_WORK ITEM_.
For this exercise, restate word for word only the lines from the one containing "Ravija Sandaruwan DT20" through the last line below. Pictures do not get copied.

_INFORMATION SHOWN_.
───

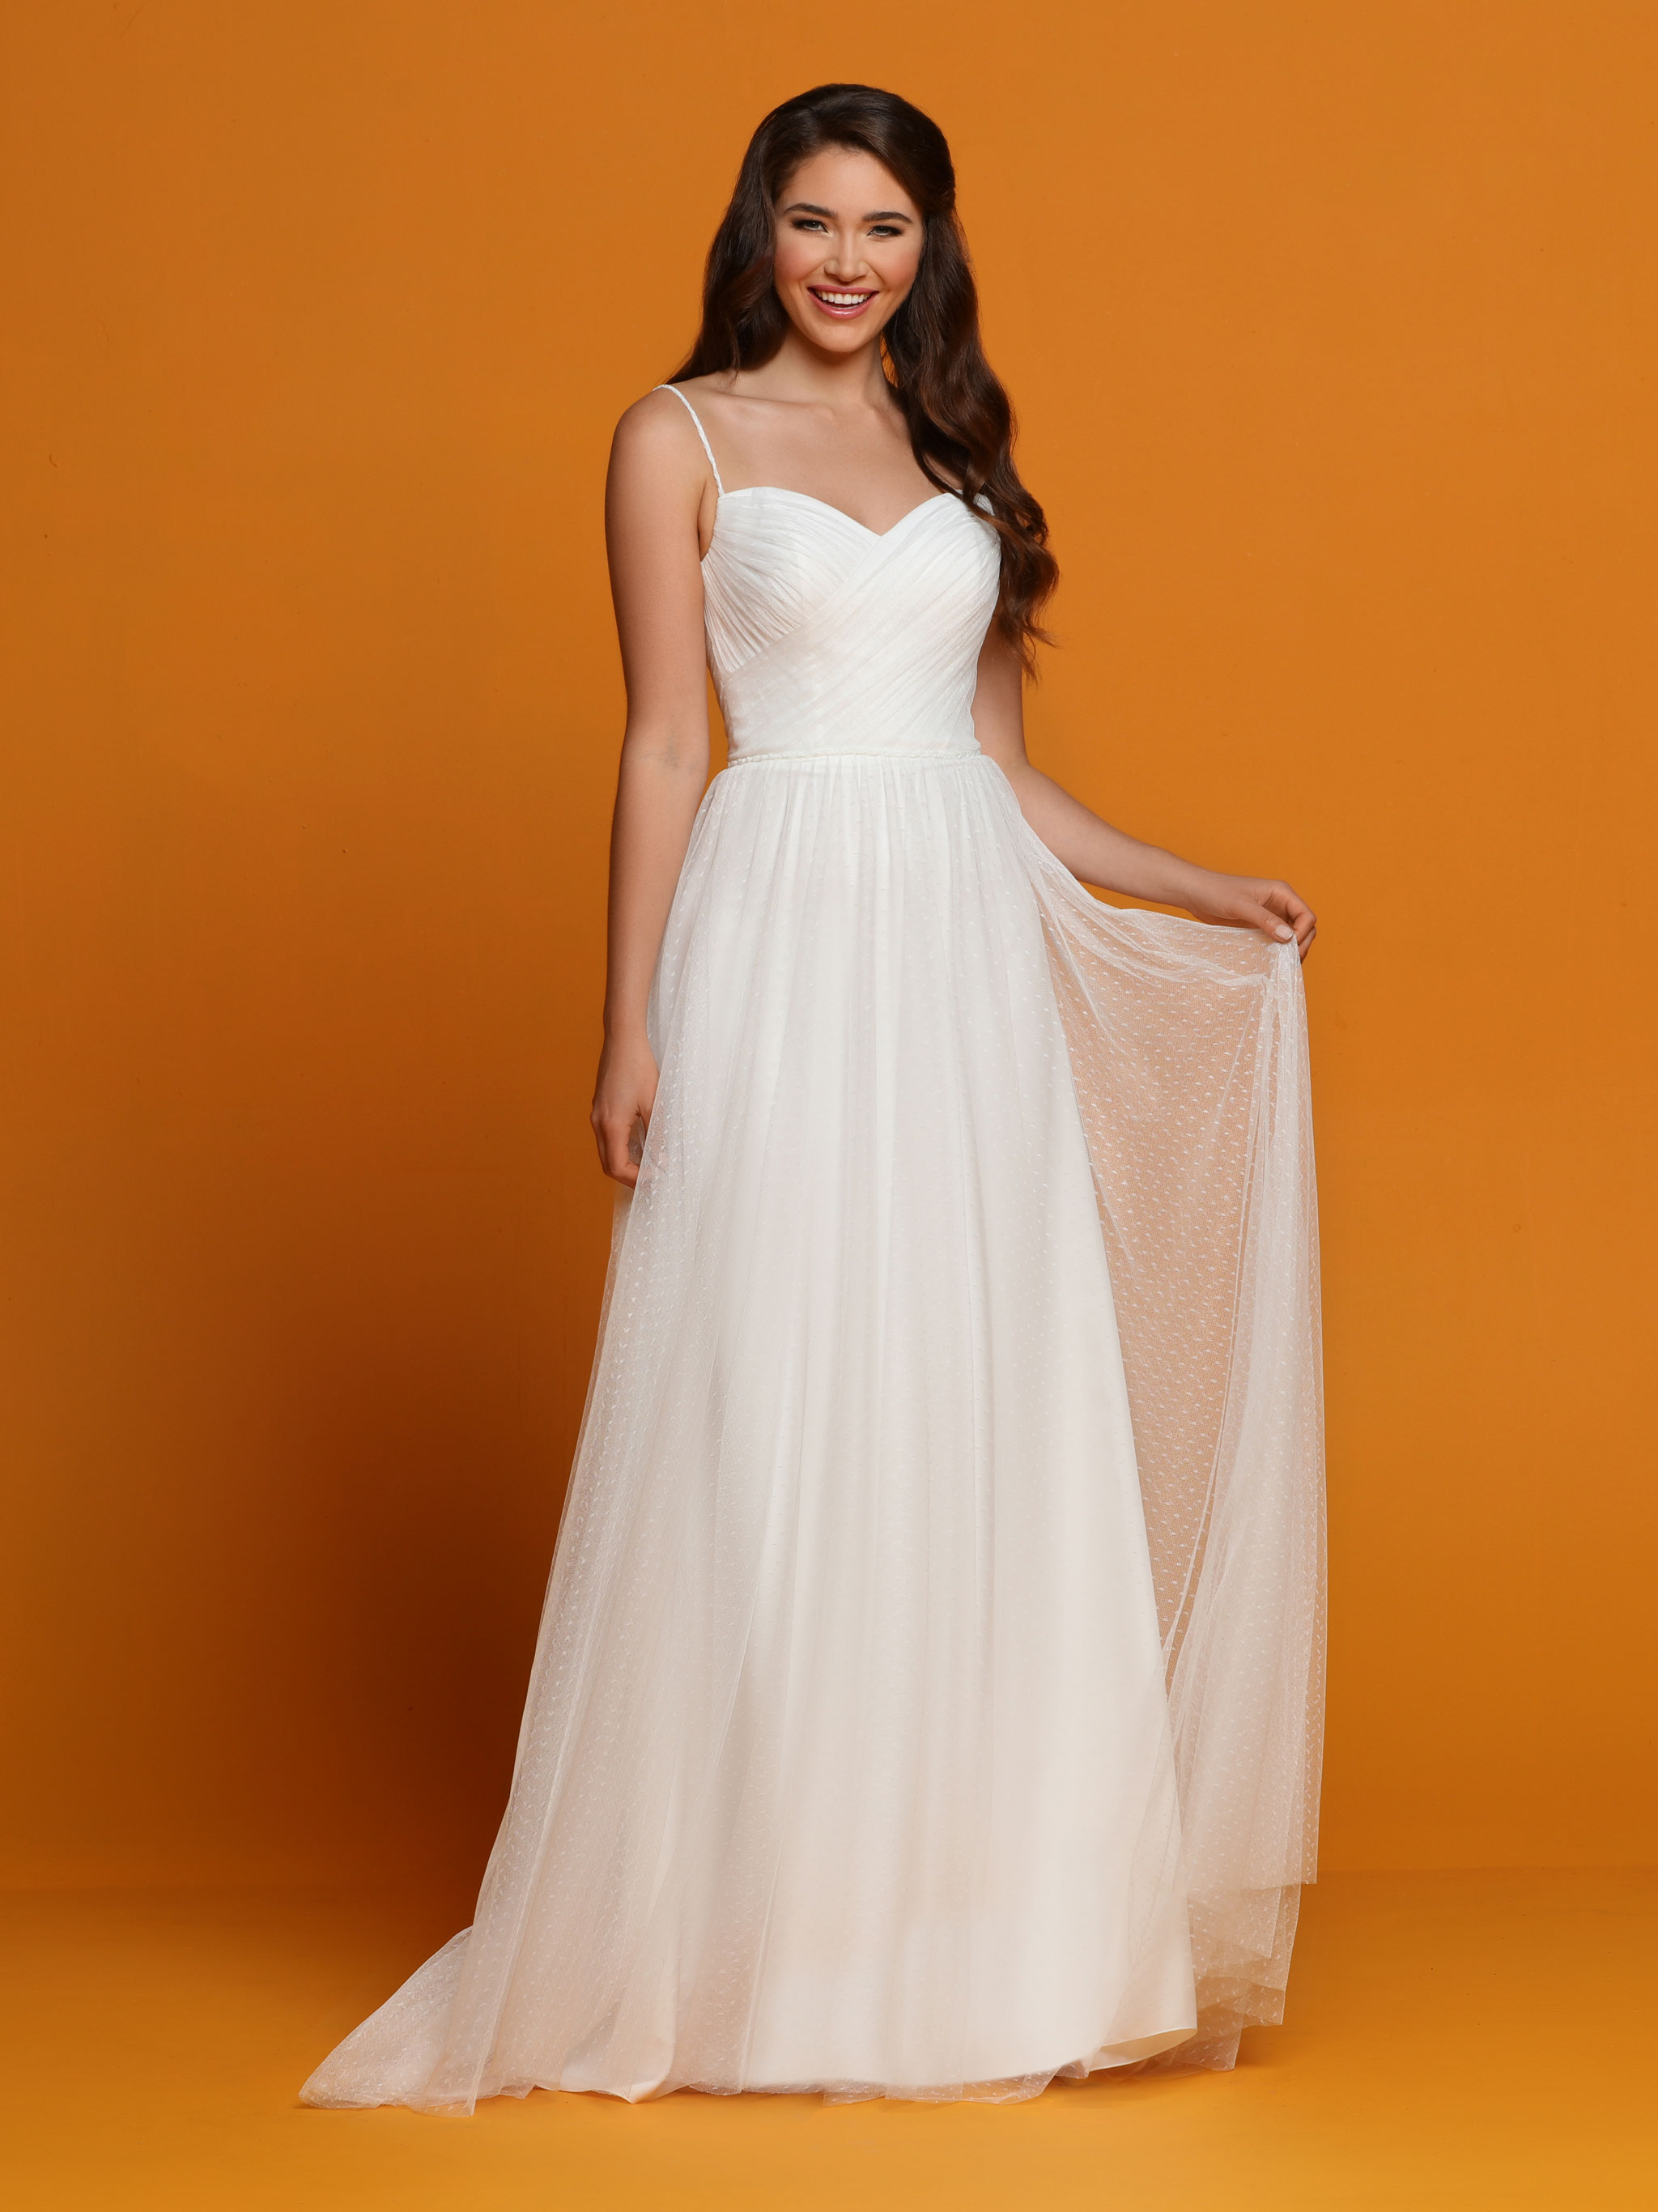 What Kind Of Slip Should You Wear Under A Wedding Dress - Florianni Weddings
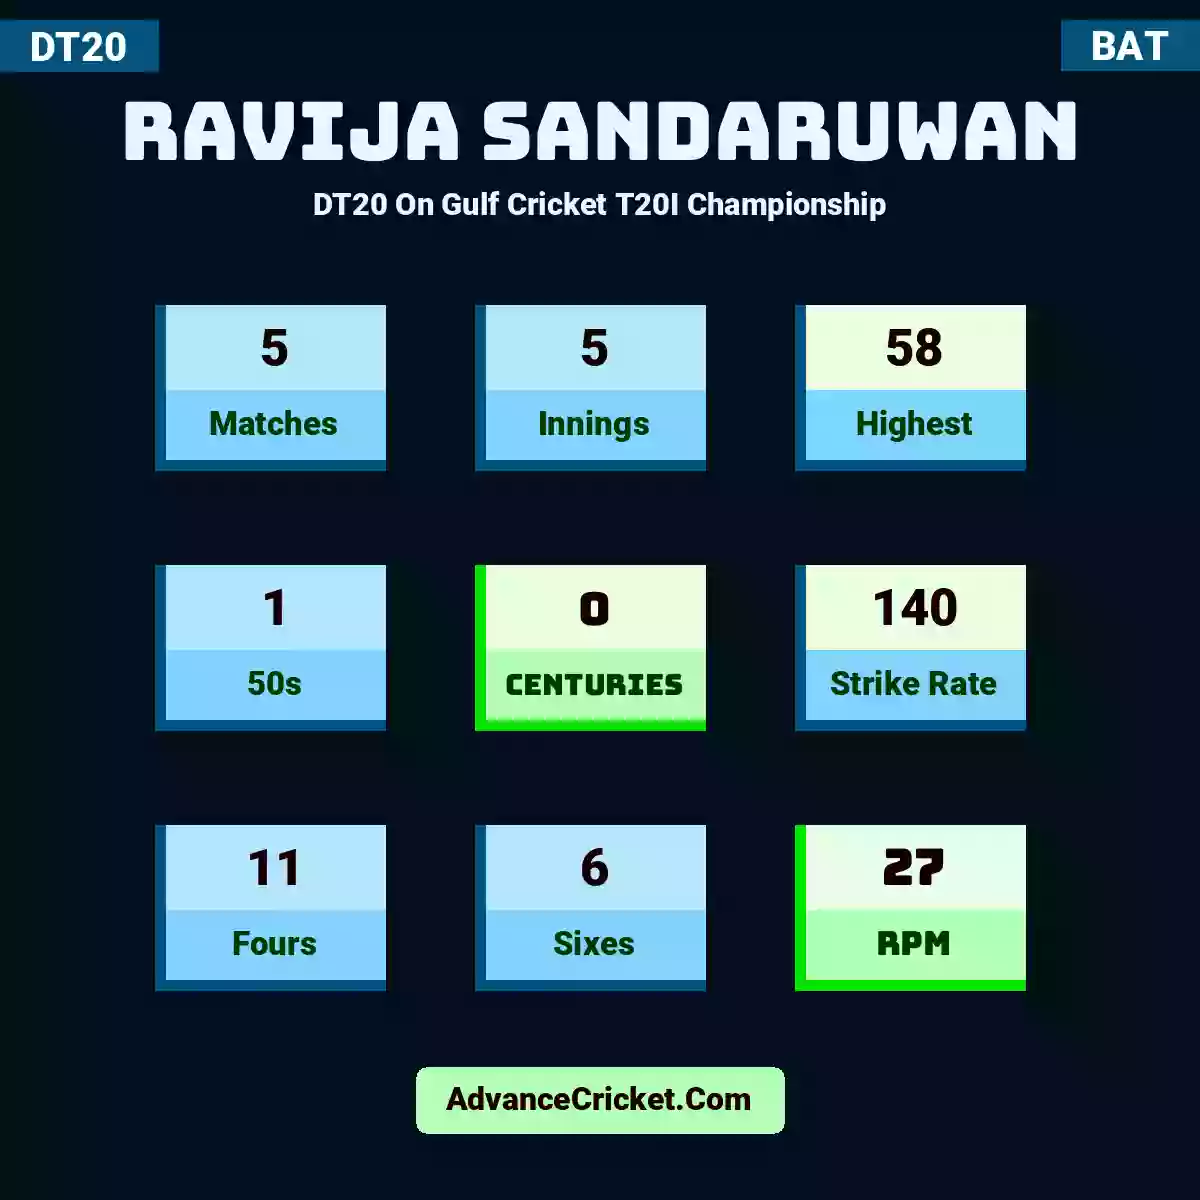 Ravija Sandaruwan DT20  On Gulf Cricket T20I Championship, Ravija Sandaruwan played 5 matches, scored 58 runs as highest, 1 half-centuries, and 0 centuries, with a strike rate of 140. R.Sandaruwan hit 11 fours and 6 sixes, with an RPM of 27.
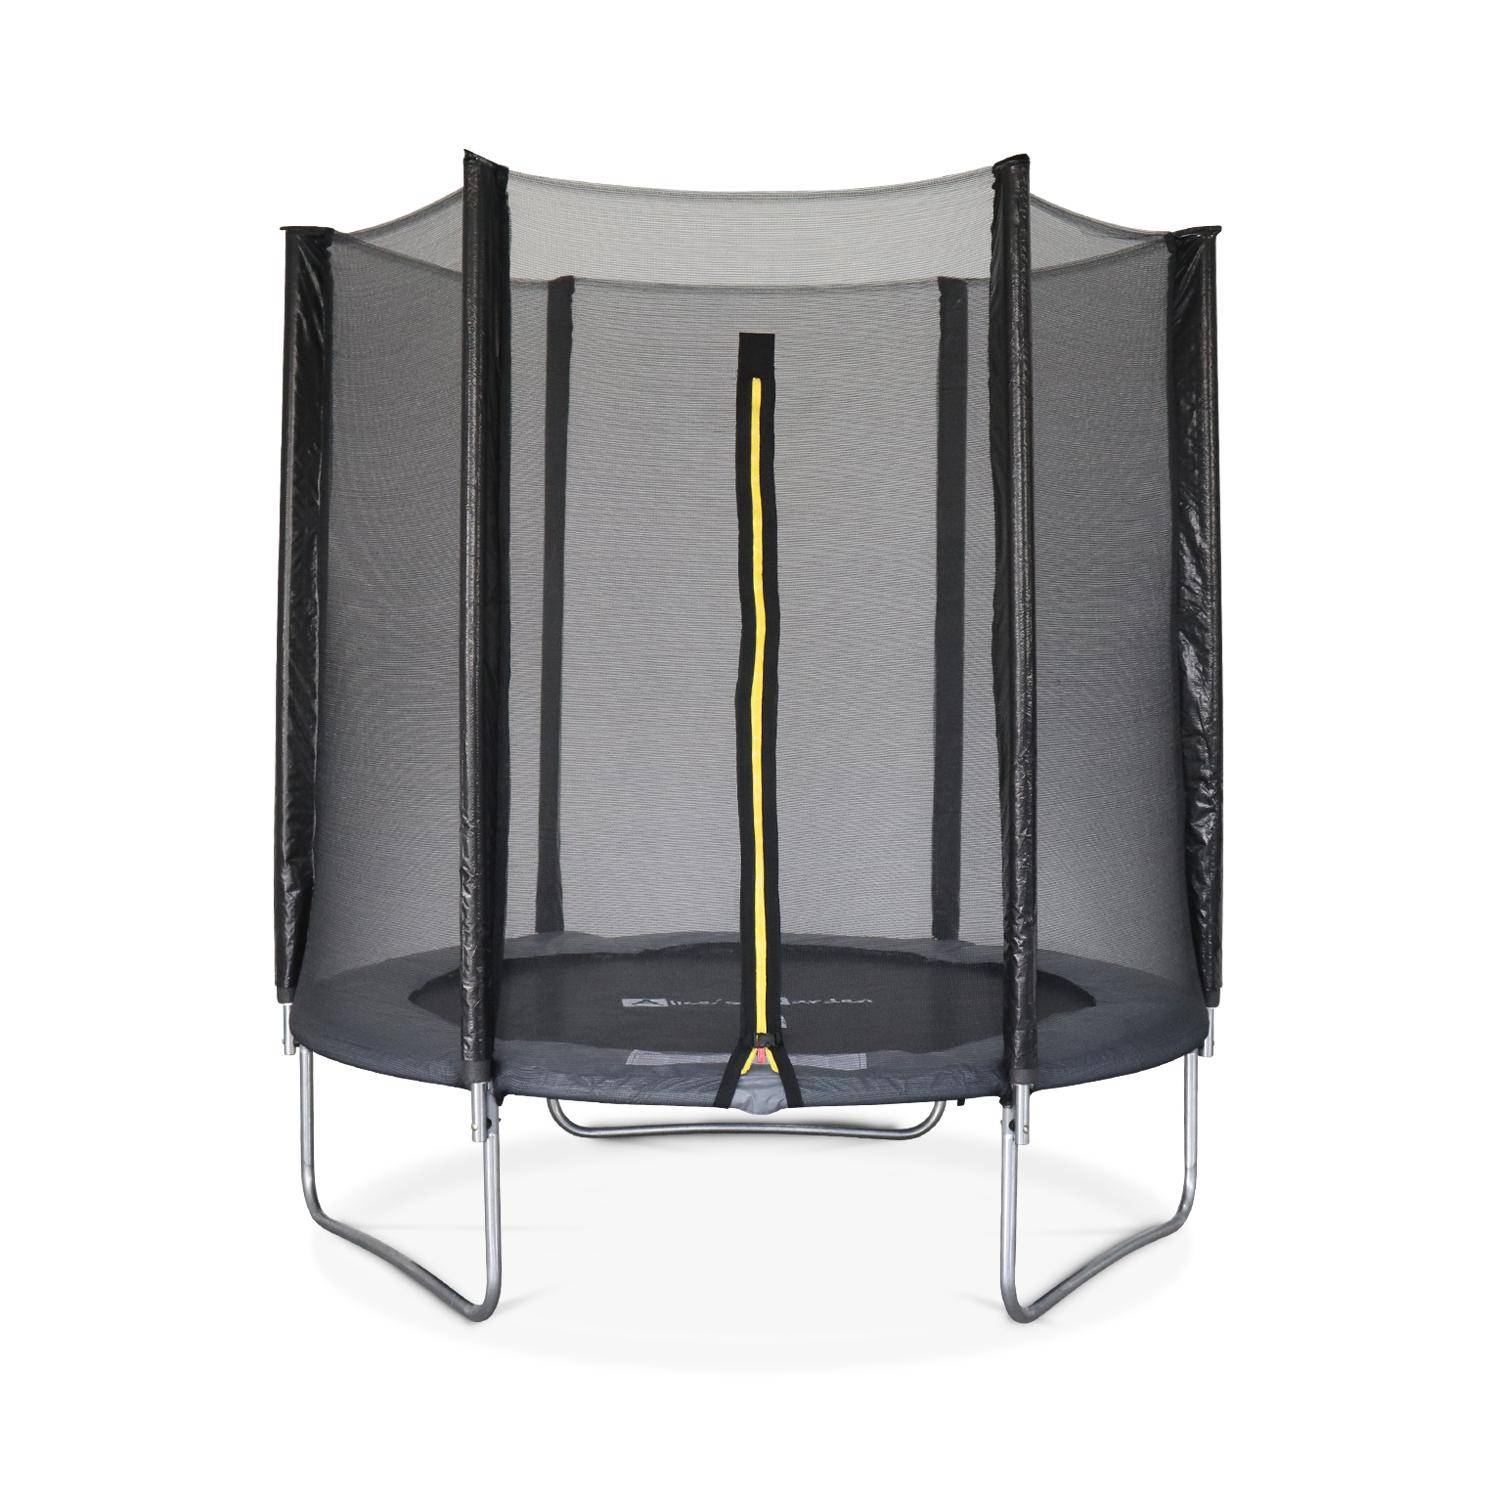 Round trampoline Ø 180cm grey with its protective net - Cassiopée - Garden  trampoline 2m| PRO quality | EU standards.

───

_EXERCISE OUTPUT_.
 Ravija Sandaruwan DT20  On Gulf Cricket T20I Championship, Ravija Sandaruwan played 5 matches, scored 58 runs as highest, 1 half-centuries, and 0 centuries, with a strike rate of 140. R.Sandaruwan hit 11 fours and 6 sixes, with an RPM of 27.
 Round trampoline Ø 180cm grey with its protective net - Cassiopée - Garden  trampoline 2m| PRO quality | EU standards.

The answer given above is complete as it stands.